§ **Given entries**
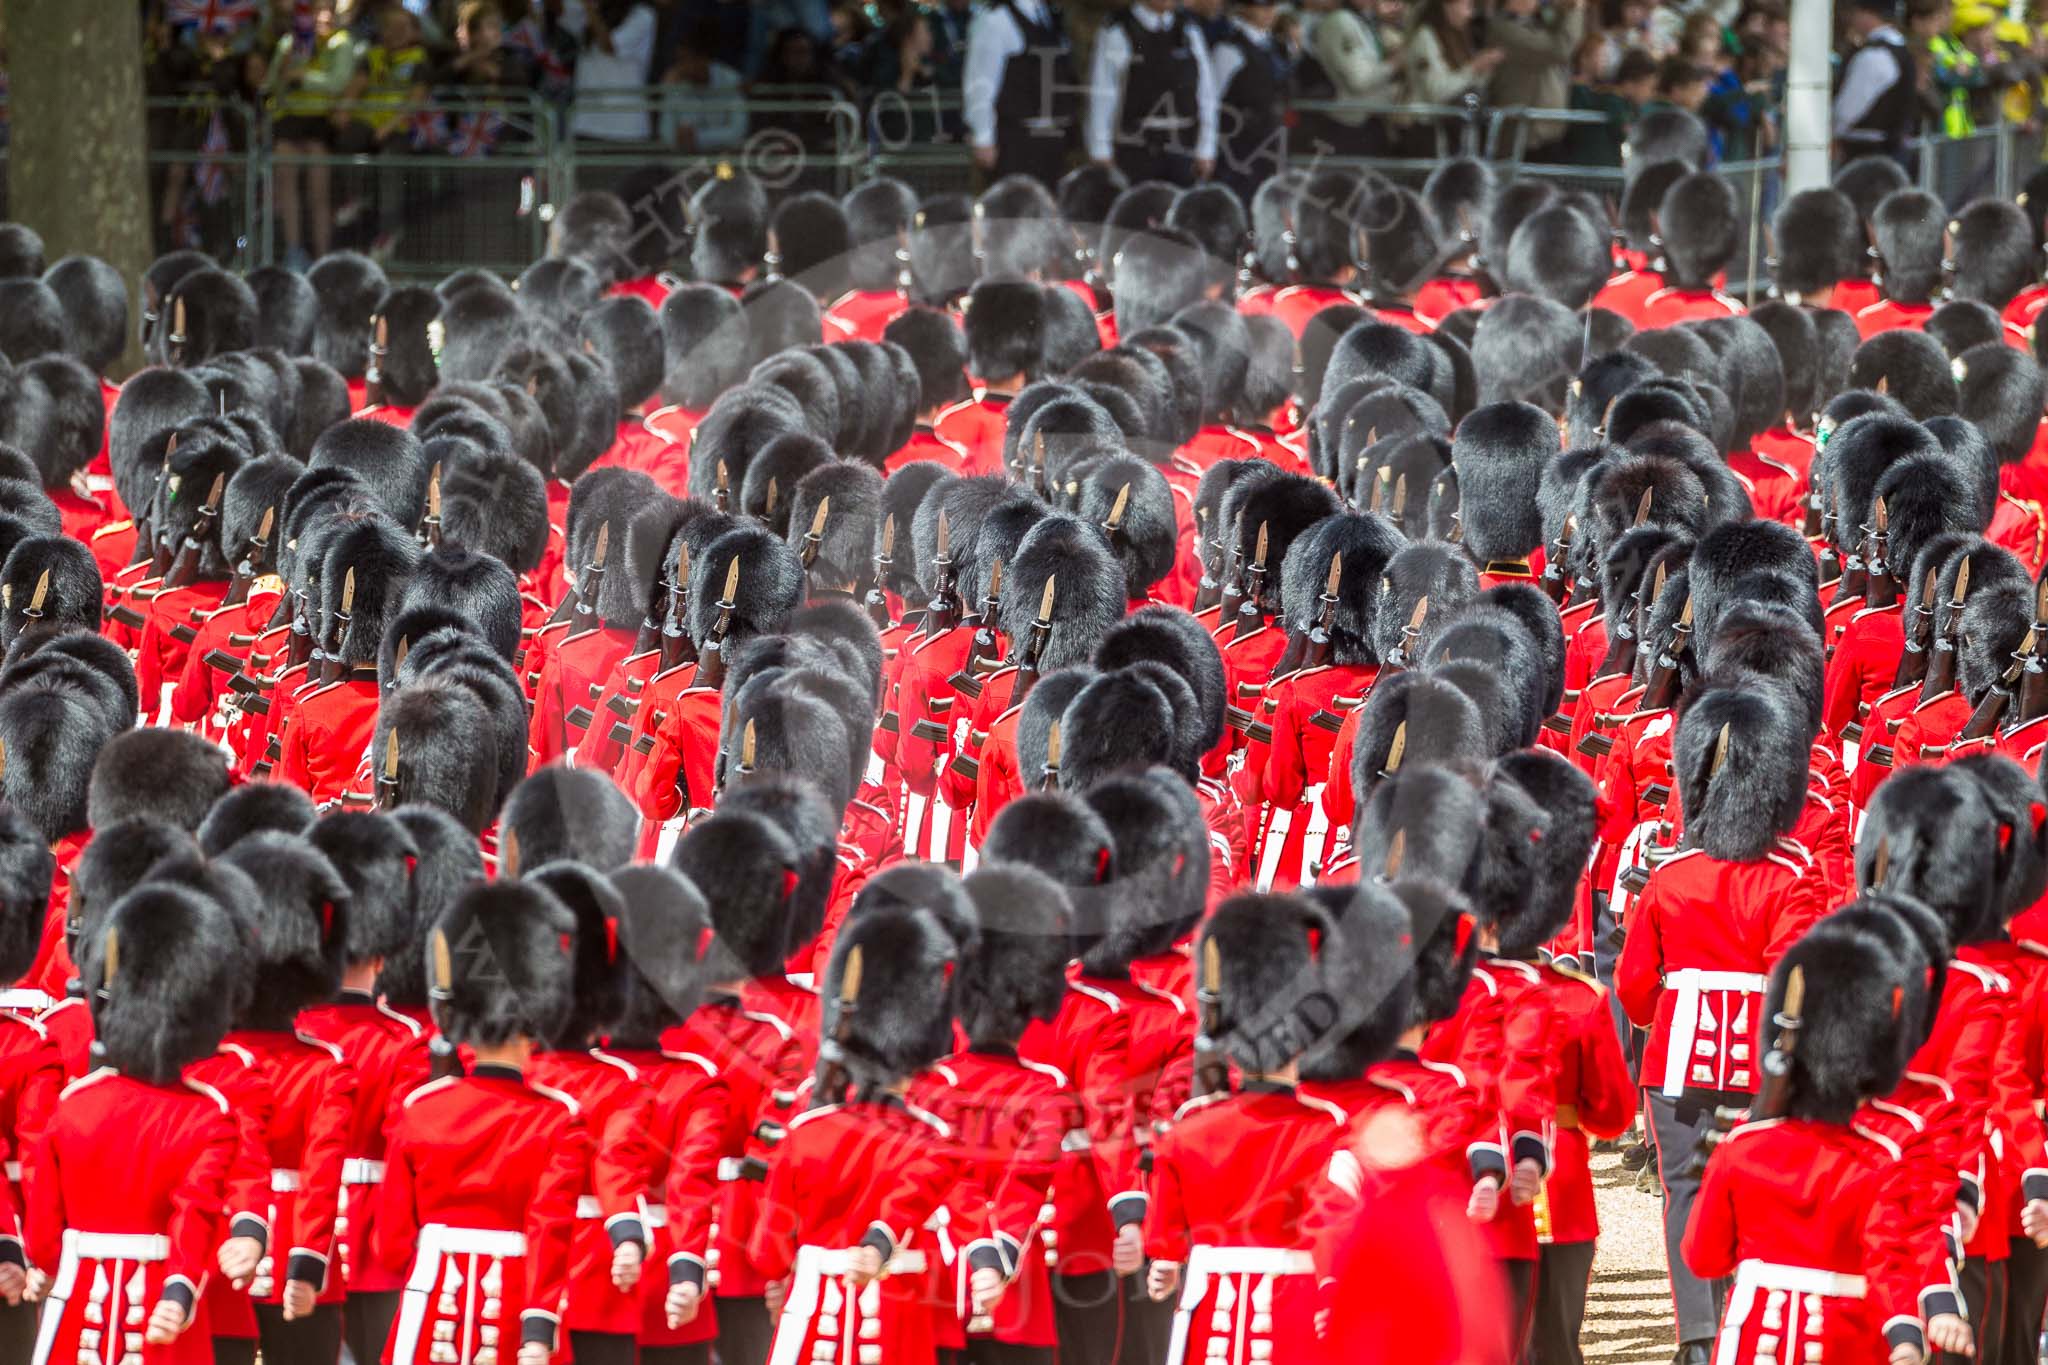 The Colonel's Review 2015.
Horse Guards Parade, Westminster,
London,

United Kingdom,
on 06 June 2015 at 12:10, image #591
--
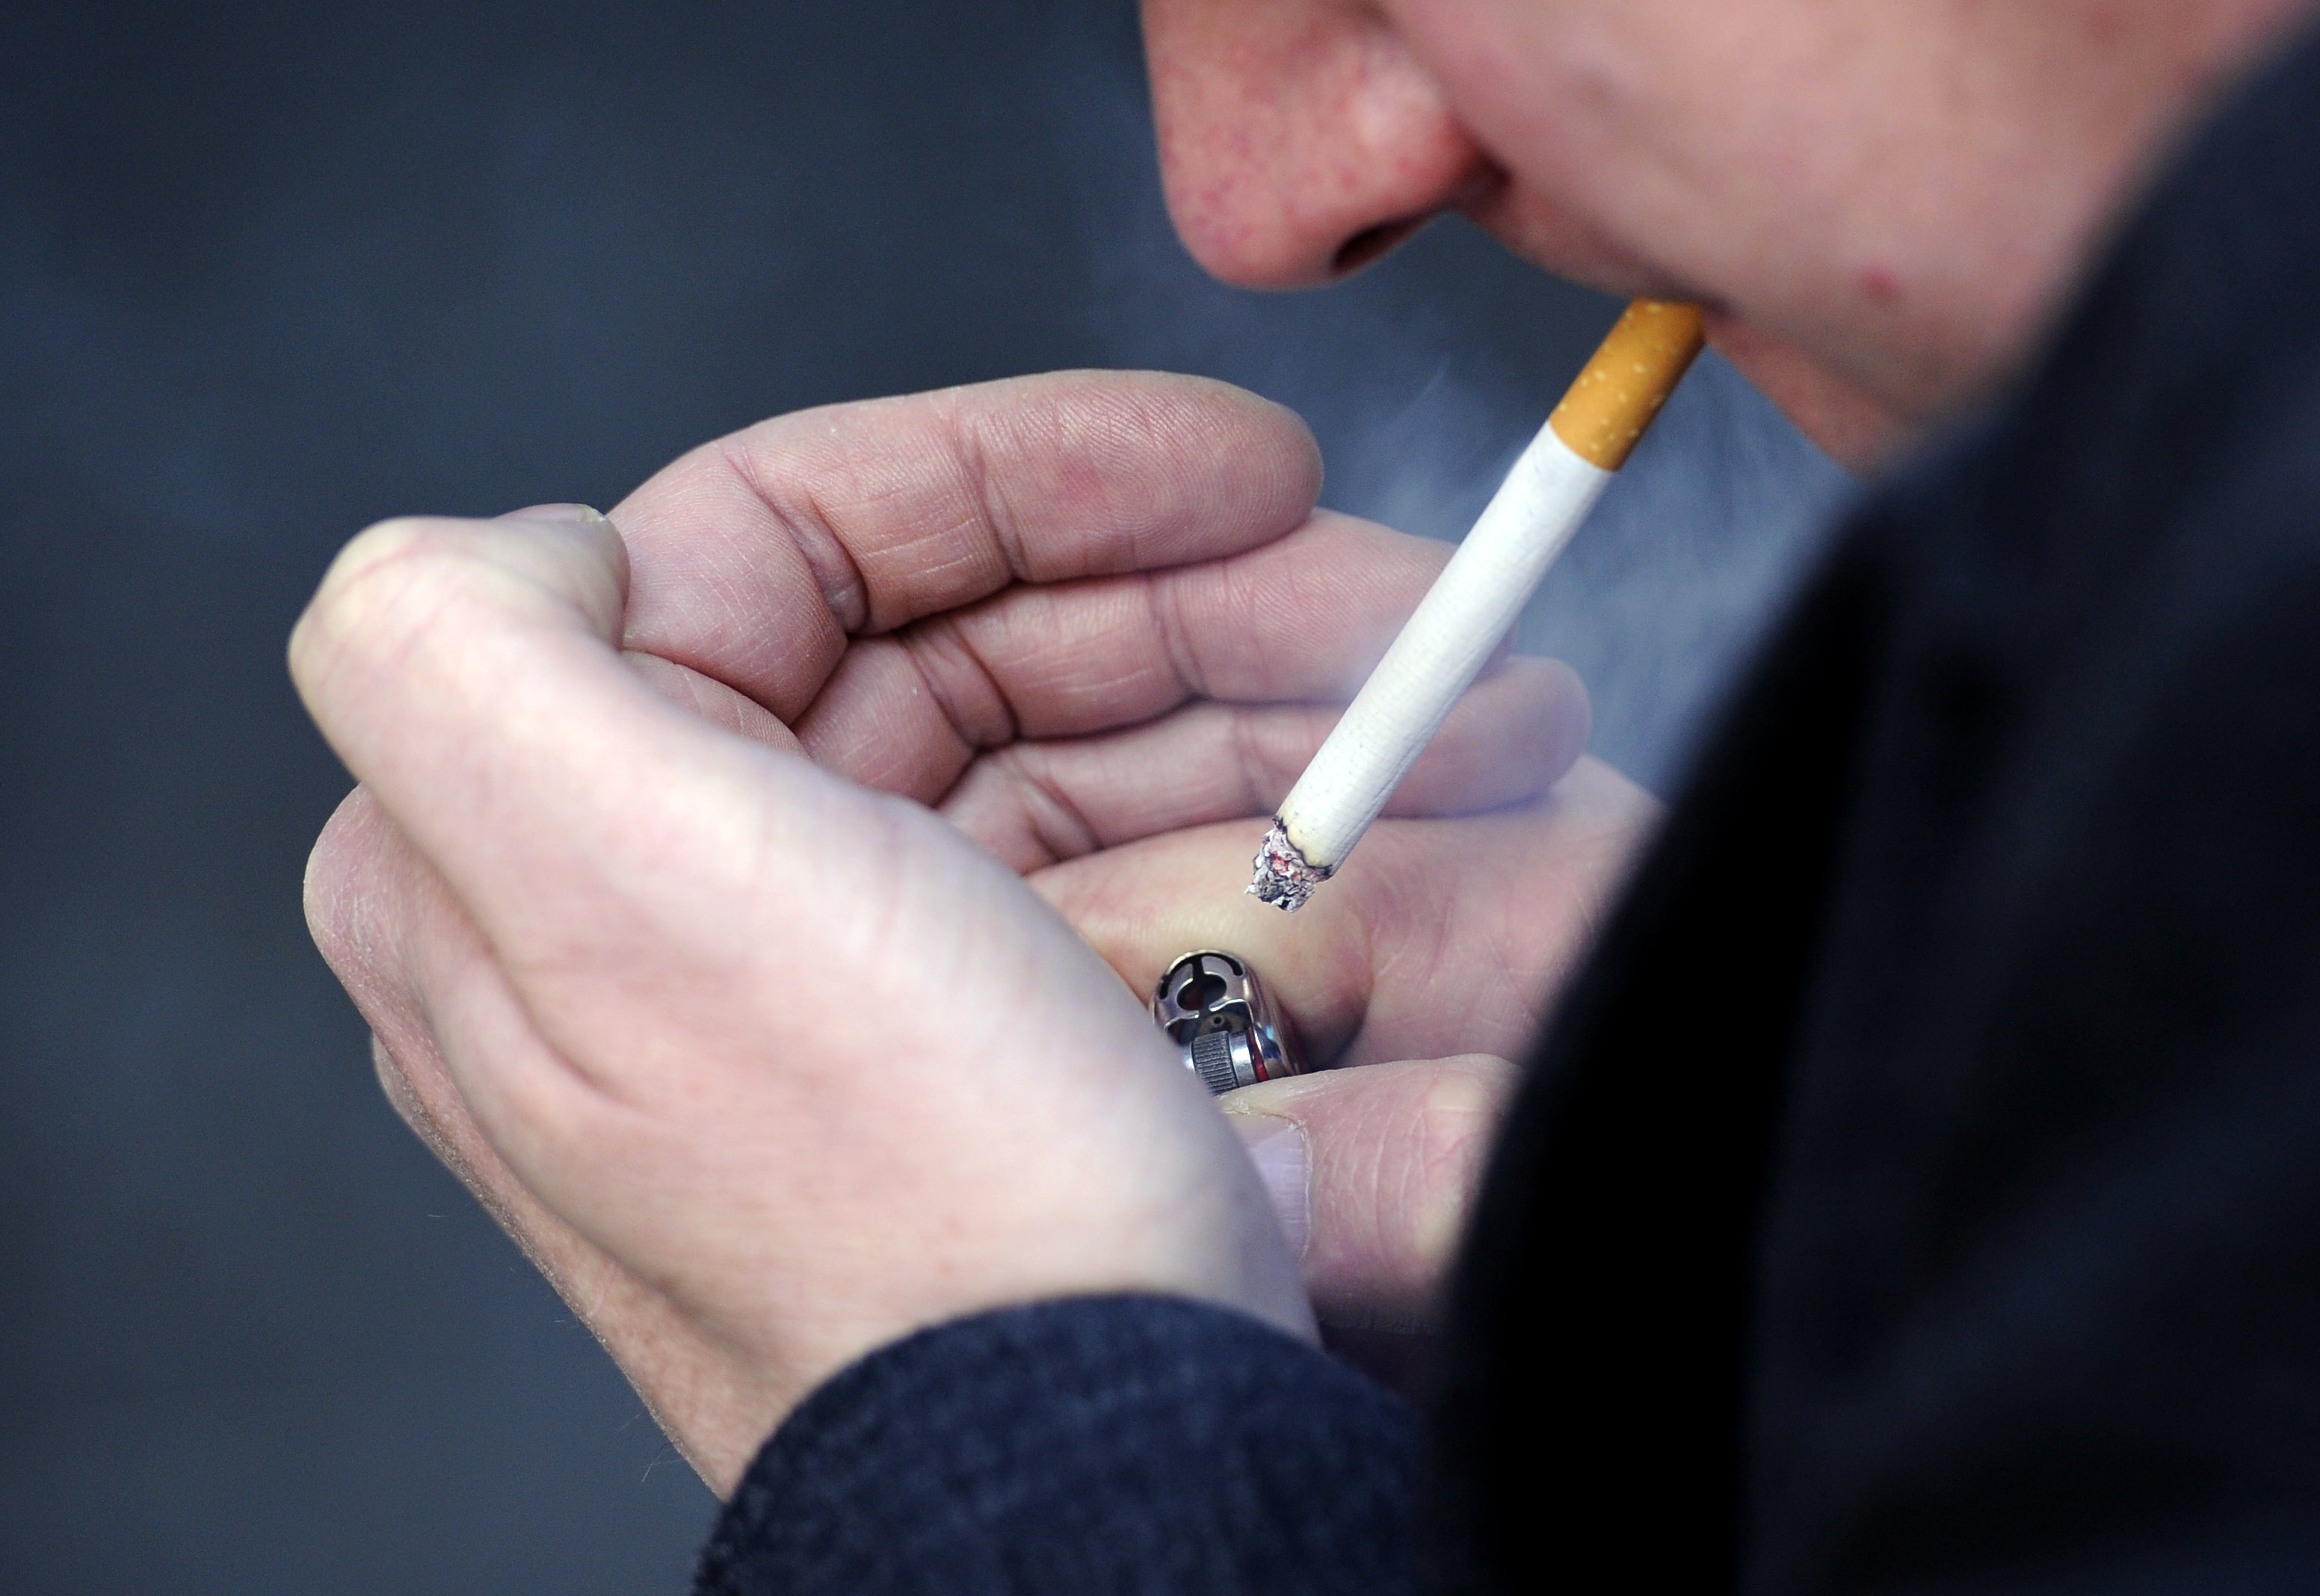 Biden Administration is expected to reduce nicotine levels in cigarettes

§ **About this task**
Exact repeat of the material above: every line from the one with "The Colonel's Review 2015." through the one with "on 06 June 2015 at 12:10, image #591", endpoints included, and nothing more. No pictures.

§ **The completed task**
 The Colonel's Review 2015.
Horse Guards Parade, Westminster,
London,

United Kingdom,
on 06 June 2015 at 12:10, image #591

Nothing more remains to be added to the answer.